It will take 30-40 minutes to compile, depends on machine.
and target will be found at hadoop-dist/target/hadoop-2.2.0-tar.gz
mv hadoop-2.2.0-tar.gz ~/
tar -xzf hadoop-2.2.0-tar.gz

and set environment variables:

export HADOOP_HOME=(enter your hadoop dir)
export PATH=$PATH:$HADOOP_HOME/bin
export PATH=$PATH:$HADOOP_HOME/sbin
export HADOOP_MAPRED_HOME=${HADOOP_HOME}/share/hadoop/mapreduce
export HADOOP_COMMON_HOME=${HADOOP_HOME}/share/hadoop/common
export HADOOP_HDFS_HOME=${HADOOP_HOME}/share/hadoop/hdfs
export YARN_HOME=${HADOOP_HOME}/share/hadoop/yarn
export HADOOP_COMMON_LIB_NATIVE_LIB=$HADOOP_HOME/lib/native
export HADOOP_OPTS="-Djava.library.path=$HADOOP_HOME/lib"

4.Set hadoop user

maybe you don't need this, or you can set a new account, here we have logged in "hadoop user"

5.set ssh

first we should use rsa to log in each node because hadoop use ssh to start each part when it starting.

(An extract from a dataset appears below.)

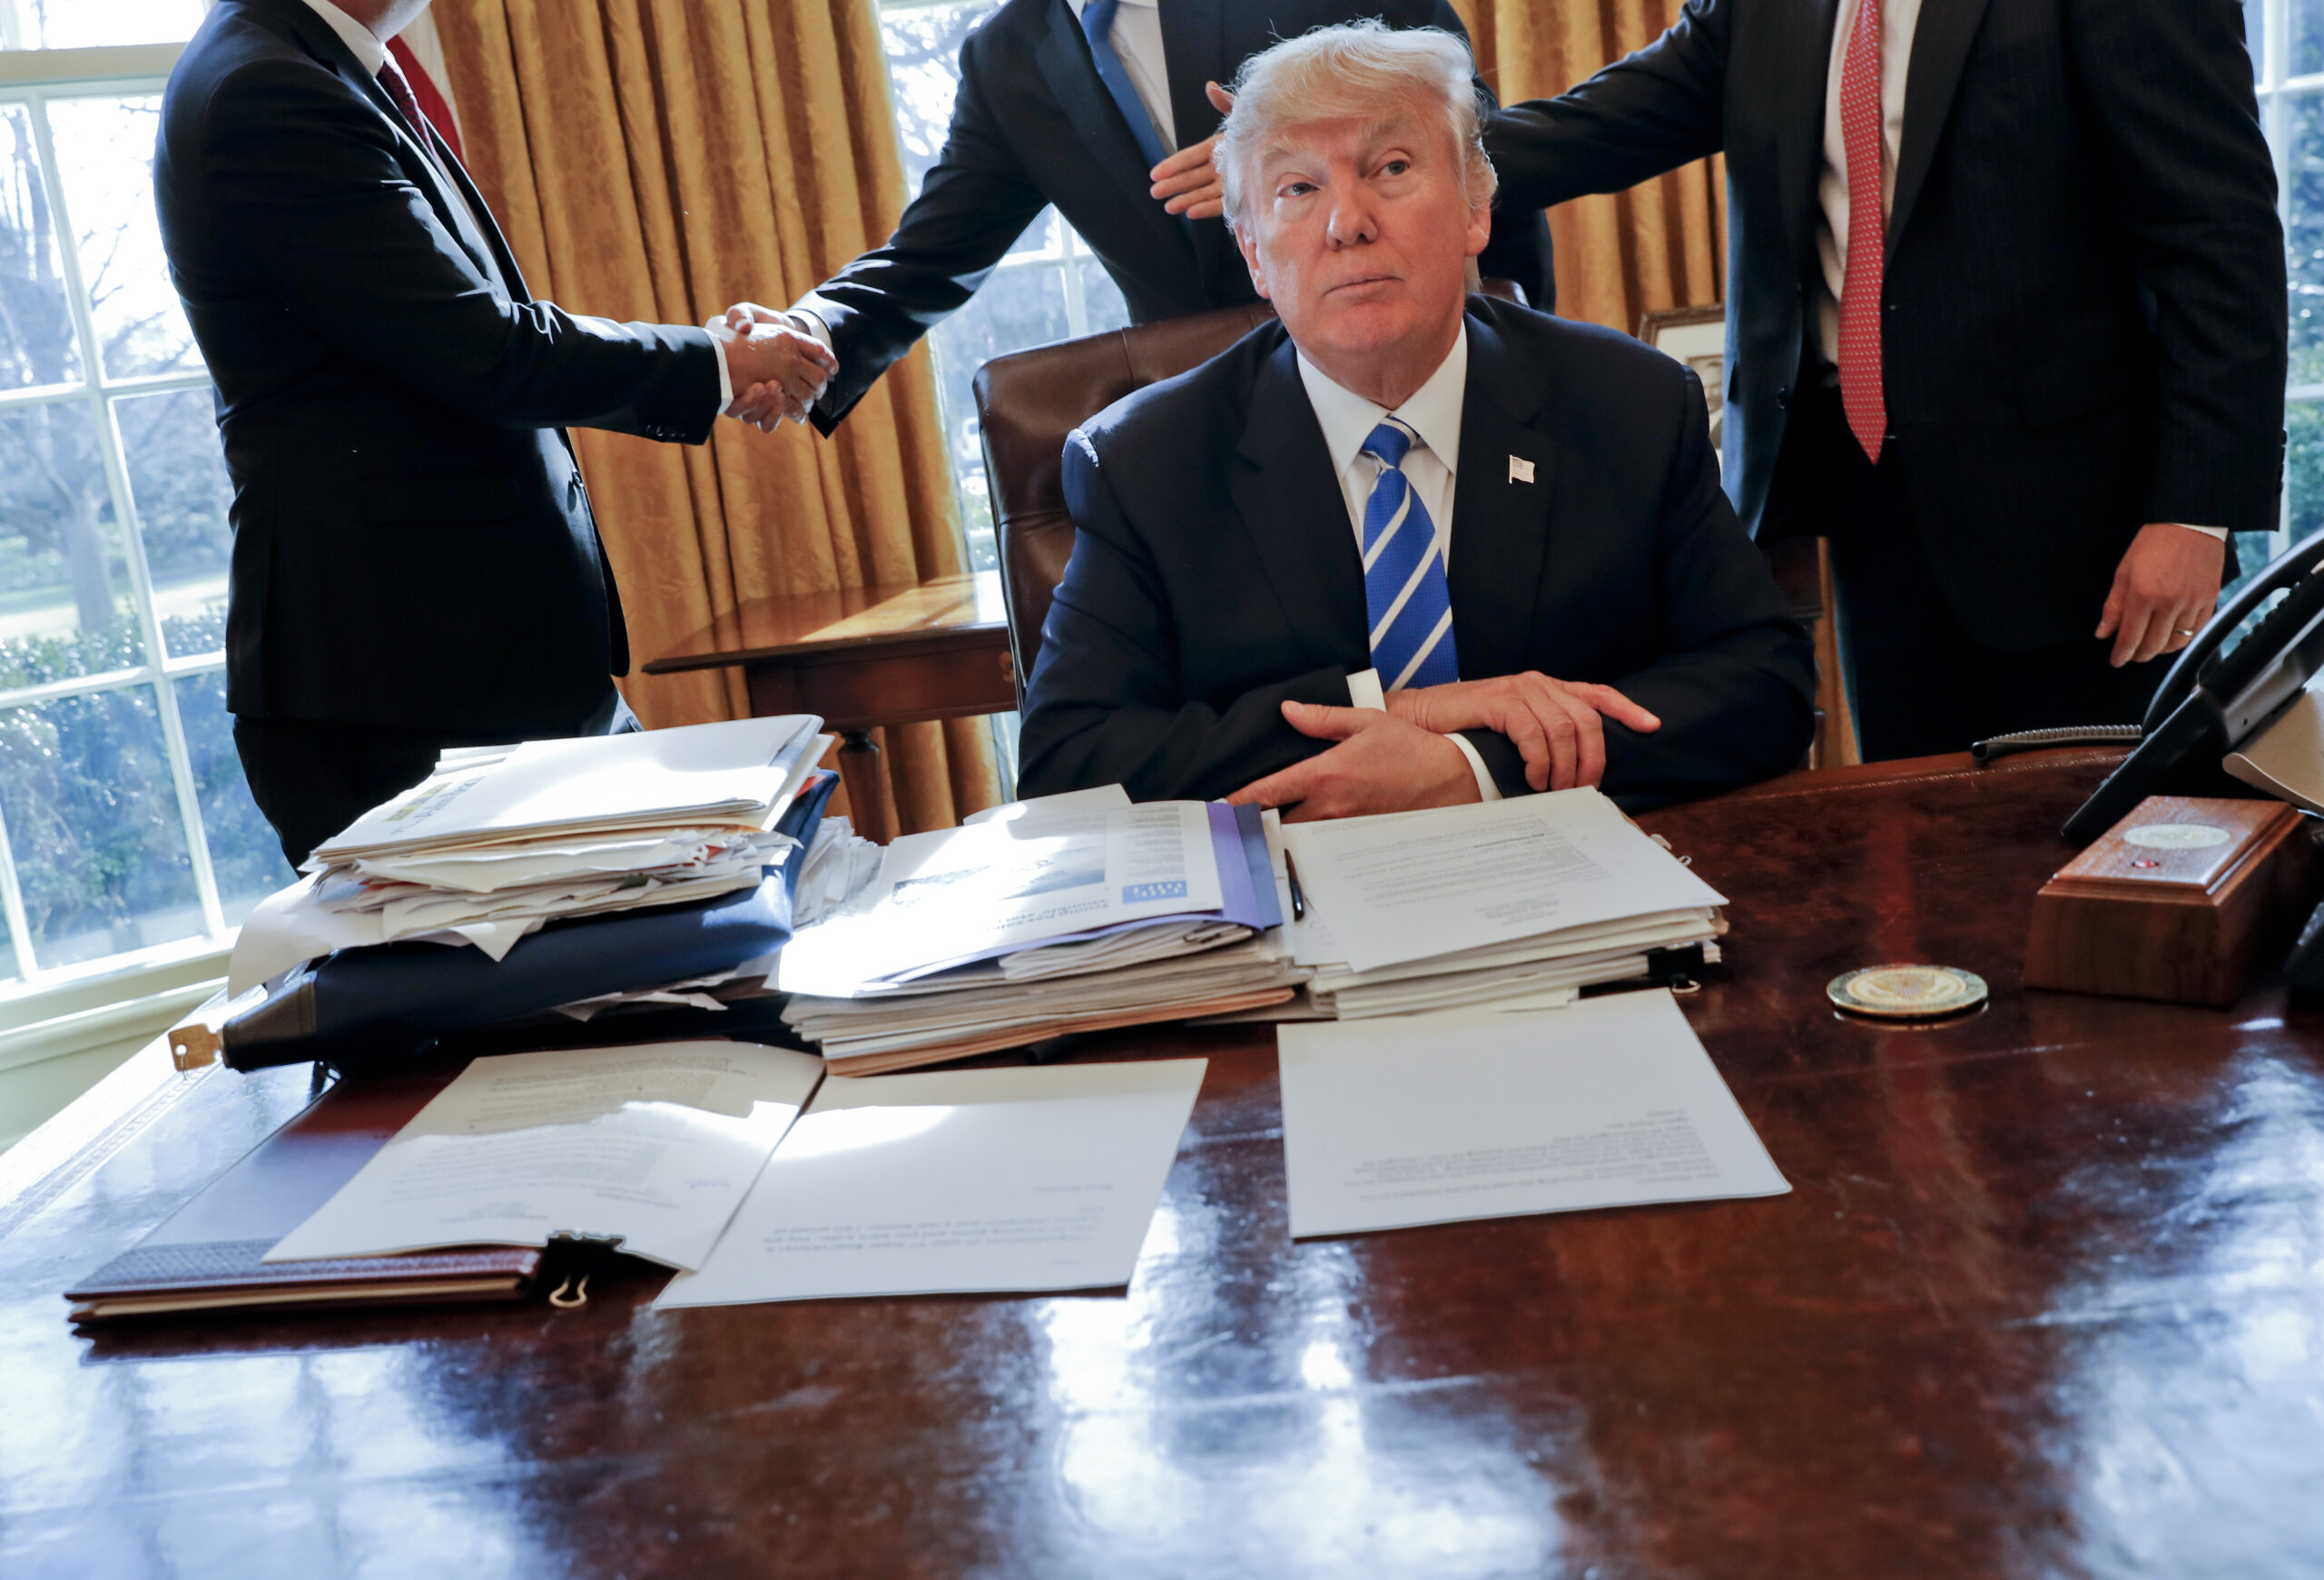 Trump denies flushing papers down White House toilet - Washington Examiner

We can use rsa to avoid inputting password while log in.

detail about rsa wikipedia

ssh-keygen -t rsa

here you can enter a key to protect your private and public key, but I don't use it

then you will have two key : a public key id_rsa.pub and a private key id_rsa

rename public key

cat id_rsa.pub >> ~/.ssh/authorized_keys

here we use private key to auto log in to a machine which has corresponding public key. 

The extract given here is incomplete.